Society rises from nature, from the social orders of our animal ancestors, not as “a defense against nature’s power.” And religion didn’t arise from propitiation and spells. I think it arose from the same impulse that makes birds sing in the morning, and the yogic stretching of an animal awakening from its afternoon nap — from a joy in being alive.

Instead of saying “man” this, “woman” that, “nature” thus, I wish Paglia had spoken about her own experience of the world.

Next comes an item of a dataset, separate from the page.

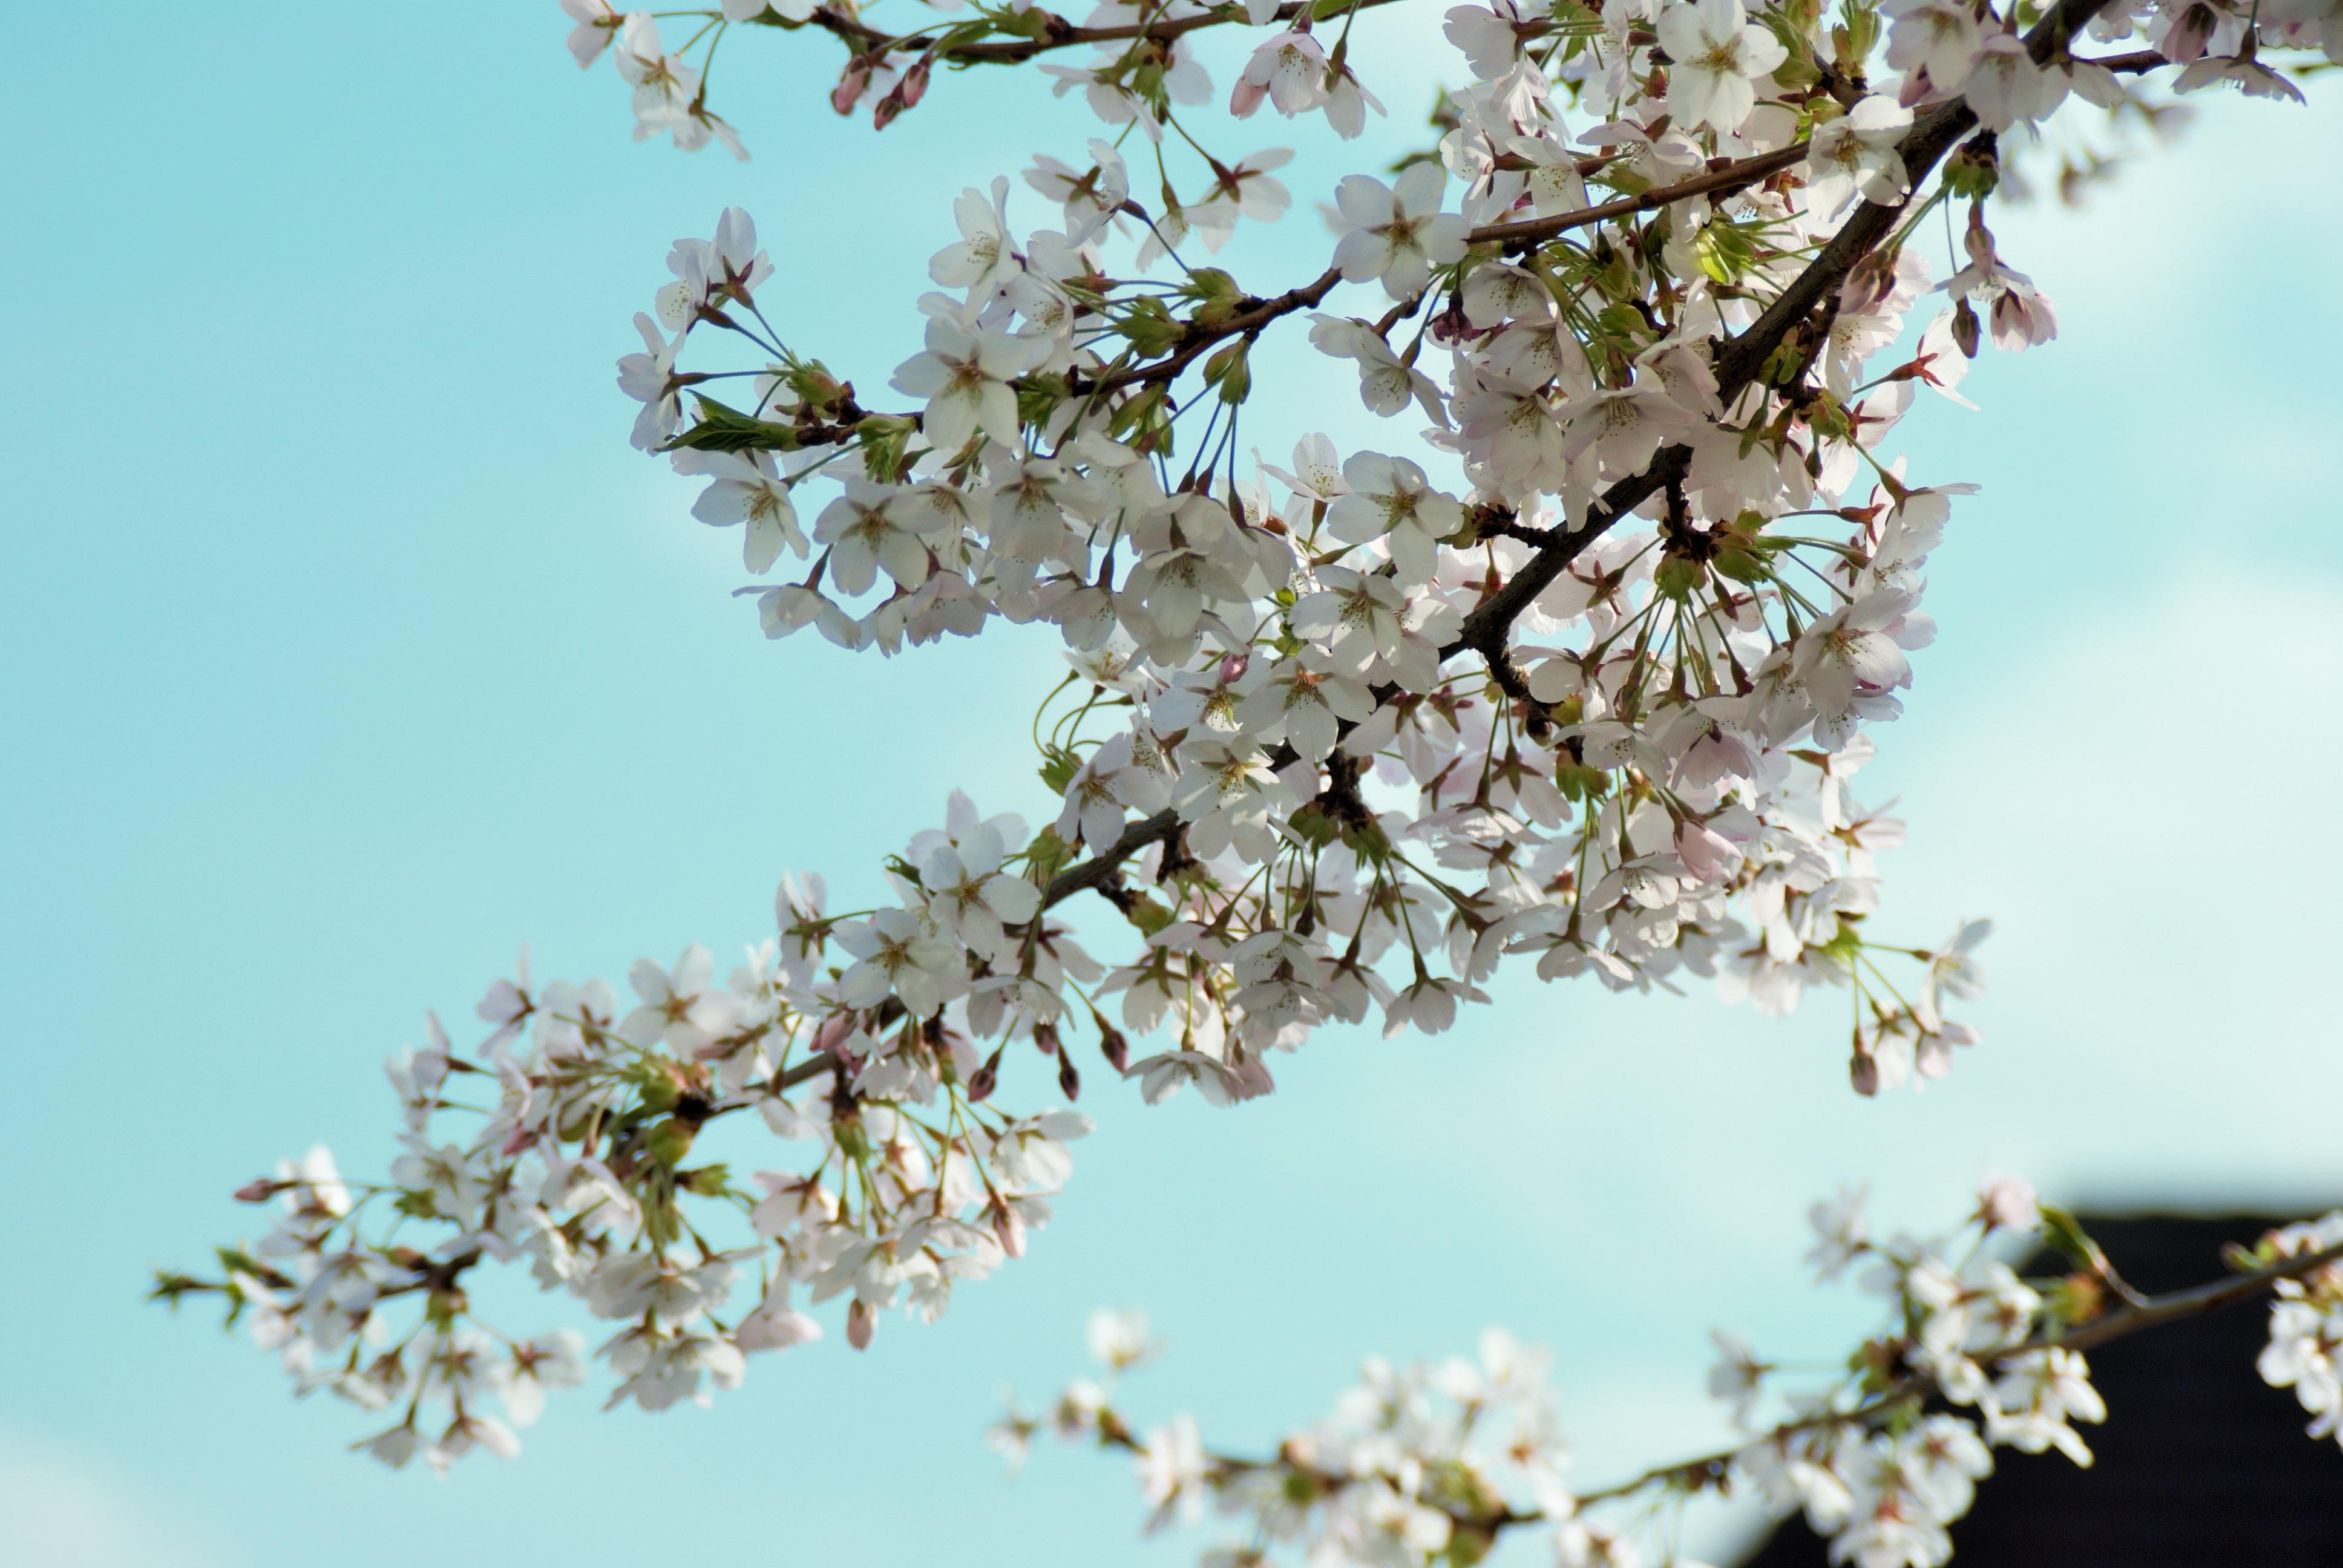 Gambar Pohon Alam Cabang Mekar Menanam Langit Daun Bunga Makanan Musim Semi Menghasilkan Botani Flora Bunga Sakura Ranting Mahkota Estetis Ceri Tanaman Berbunga 3872x2592 1221391 Galeri Foto Pxhere

As a man who cries looking at pictures of babies being born, I cannot see how childbirth is “an affront to beauty and form.” When my penis is soft I have not experienced it as a “flop” but rather as moving through its own changing lunar cycles. (In some cultures, the earth and the moon are considered male, the sun female.) And any man who has discovered his prostate will tell you that a good part of our sexual apparatus is hidden, too.

In saying “nature has won . . . by making disease the price of promiscuous sex,” after speaking of male homosexuals, I assume Ms. Paglia is referring to AIDS. To date, the virus has been transmitted primarily through heterosexual intercourse. Moreover, its transmission isn’t merely a matter of promiscuity. You can get it from a blood transfusion, sharing a needle, or from your first and only sexual encounter with another person.

I don’t understand how Ms. Paglia can talk about the “weary weight of eroticism,” when I think of its delights. To the woman who said, “most men merely grunt, at best,” from the bottom of my heart I wish you better lovers.

Andrew Ramer Brooklyn, New York

I recommend that Camille Paglia read Gary Snyder’s latest collection of essays, The Practice of the Wild, for a view of “nature” that will challenge hers. I can’t help feeling that Ms. Paglia hasn’t spent much time outdoors, in the wild — within that “inhuman round of waste, rot, and carnage” she calls nature. Had she done so, she might not be so contemptuous of nature. She might then admire not the “grand constructions of our culture,” but those cultures which managed to live and die without leaving a trace (and without oppressing women).

Barbara Miles Jamaica Plains, Massachusetts

Camille Paglia’s essay is brilliant, incisive, poetic. By using academic, Latinized language, she creates an air of truth about what are only assumptions.

If she meant to balance the romanticism of some feminist thinking, she may have a point. Yet who is she to assume that man (a label she consistently and inaccurately uses for the human race) “justifiably fears being devoured by woman”? Is she hanging on to a narrow Freudianism to prove another dubious point? She says that female genitals are “lurid in color and architecturally incoherent.” Let her take responsibility for her own reactions. My scientific survey of one elicited the male response that “female genitalia are gorgeous.”

We are capable of experiencing ourselves in infinite dimensions; it is possible that we co-create with our consciousness. I think Paglia is, indeed, “a crackpot,” but a convincing one. That’s dangerous. Her article is nasty, inaccurate, brilliant. Communication implies a responsibility. The Sun can, and should, shine brighter than that.

Elizabeth Gips Santa Cruz, California

Issue 178 of The Sun is the first and only issue that I have ever seen; it is not what I expected. Given the name of the magazine, I expected something bright, warm, and inspiring — throwing light on truth and freedom. Instead, I found a collection of articles and letters by and about desperate, trapped people, albeit literate and articulate.

If this is a magazine of ideas, as claimed, the ideas seem to be concerned with people in sad, dark, degenerate situations.

Is this the human condition, as seen by The Sun? Are humans so unaware of the beauty, harmony, wisdom, and justice of the universe that we must dwell on the darker areas of human experience?